Como o produtor pode se proteger
Para quem ainda não entrou em inadimplência, algumas medidas reduzem o risco:
- Renegociação antecipada: procurar o banco antes do vencimento da parcela. Muitos bancos oferecem prazos maiores e juros menores para quem renegocia antes de ficar inadimplente.
- Seguro rural: cobre perdas de safra por clima, praga ou preço. O custo médio é de 5% a 8% do valor segurado, mas pode ser subsidiado pelo governo.
- Diversificação de culturas: produtores que plantam soja, milho e algodão têm menor probabilidade de inadimplência do que os que apostam em uma única cultura.
- Contratos futuros: travar preço de venda com antecedência protege contra quedas de mercado.
Perguntas Frequentes
O que é a taxa de inadimplência no crédito rural?
É o percentual do saldo total de empréstimos rurais que está em atraso há mais de 90 dias.

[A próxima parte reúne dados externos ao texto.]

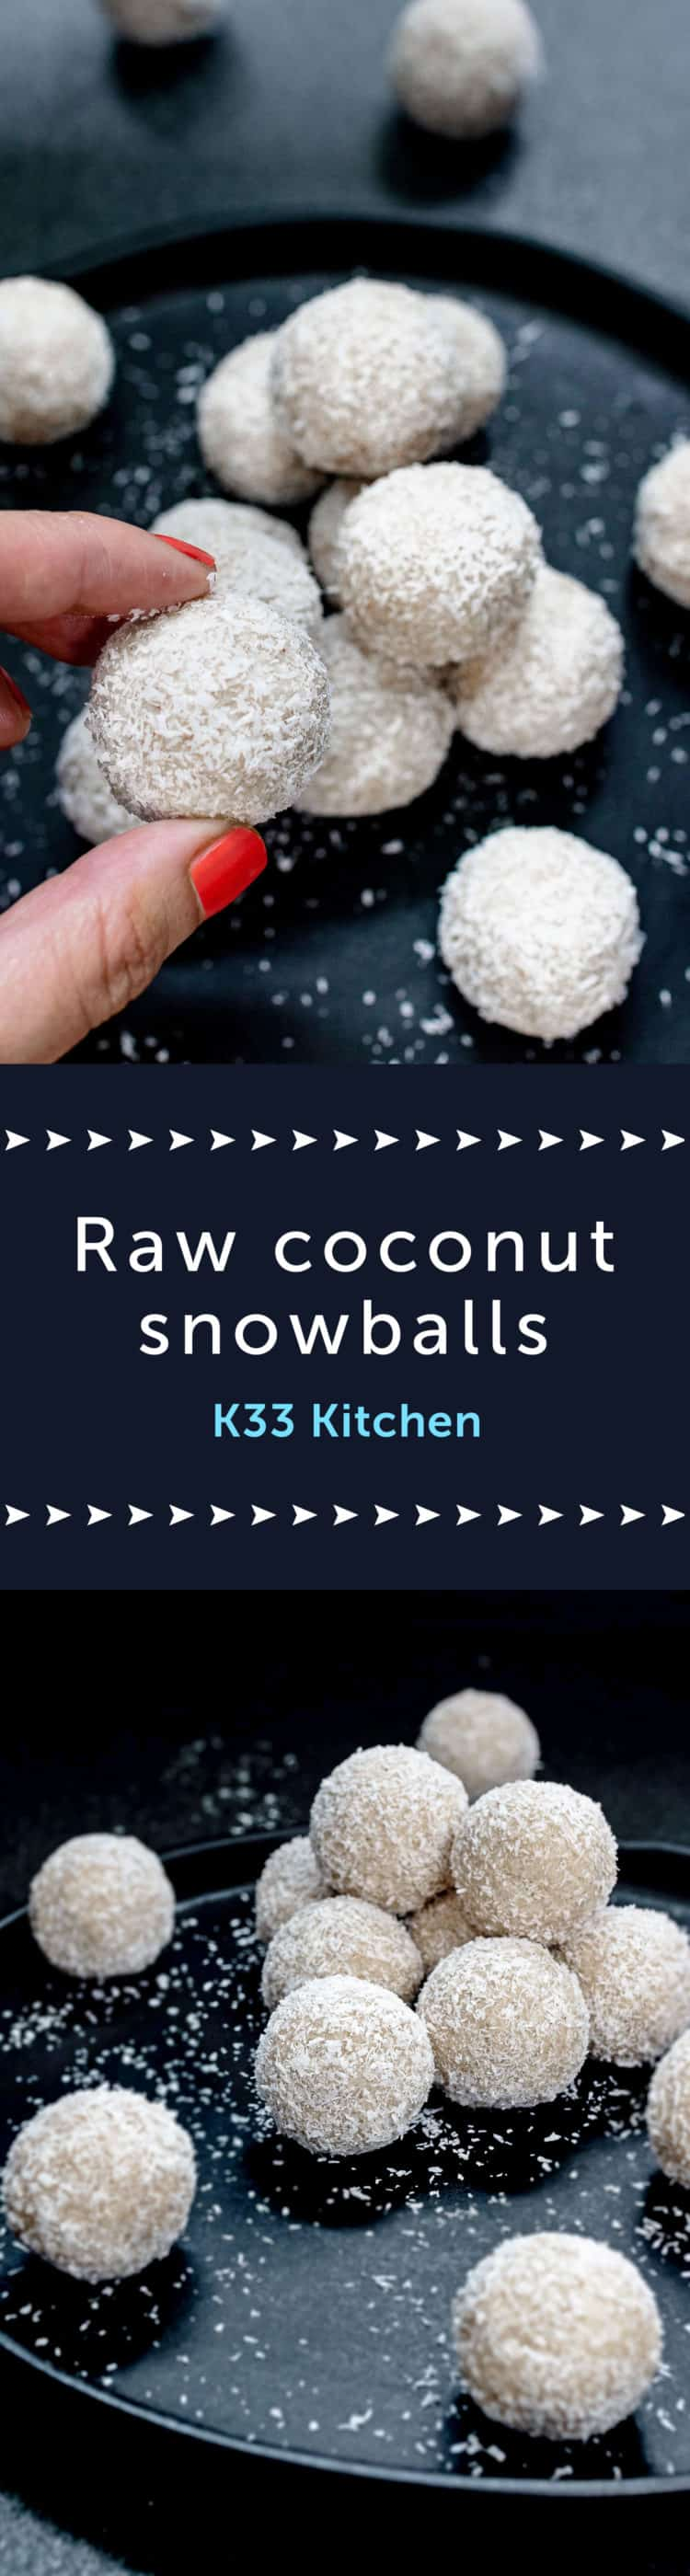 Raw coconut snowballs

Em maio de 2026, era de 3,8%, segundo o Banco Central.
Quantos pedidos de recuperação judicial o agro registrou em 2025?
Foram 230 pedidos, 40% a mais que em 2024, de acordo com a Serasa Experian.
A reestruturação de dívidas rurais é a mesma coisa que recuperação judicial?
Não. A reestruturação é uma renegociação direta com o banco, sem envolver a Justiça. A recuperação judicial é um processo judicial que envolve todos os credores.
Quais regiões têm maior inadimplência no agro?
O Nordeste lidera, com taxa superior a 5%, seguido pelo Centro-Oeste, com 4,5% em Mato Grosso.
O governo tem programas para ajudar produtores endividados?
Sim, o governo lançou em abril de 2026 uma linha de crédito emergencial com juros de 6% ao ano e carência de 12 meses, mas o volume emprestado até maio foi de R$ 2,3 bilhões.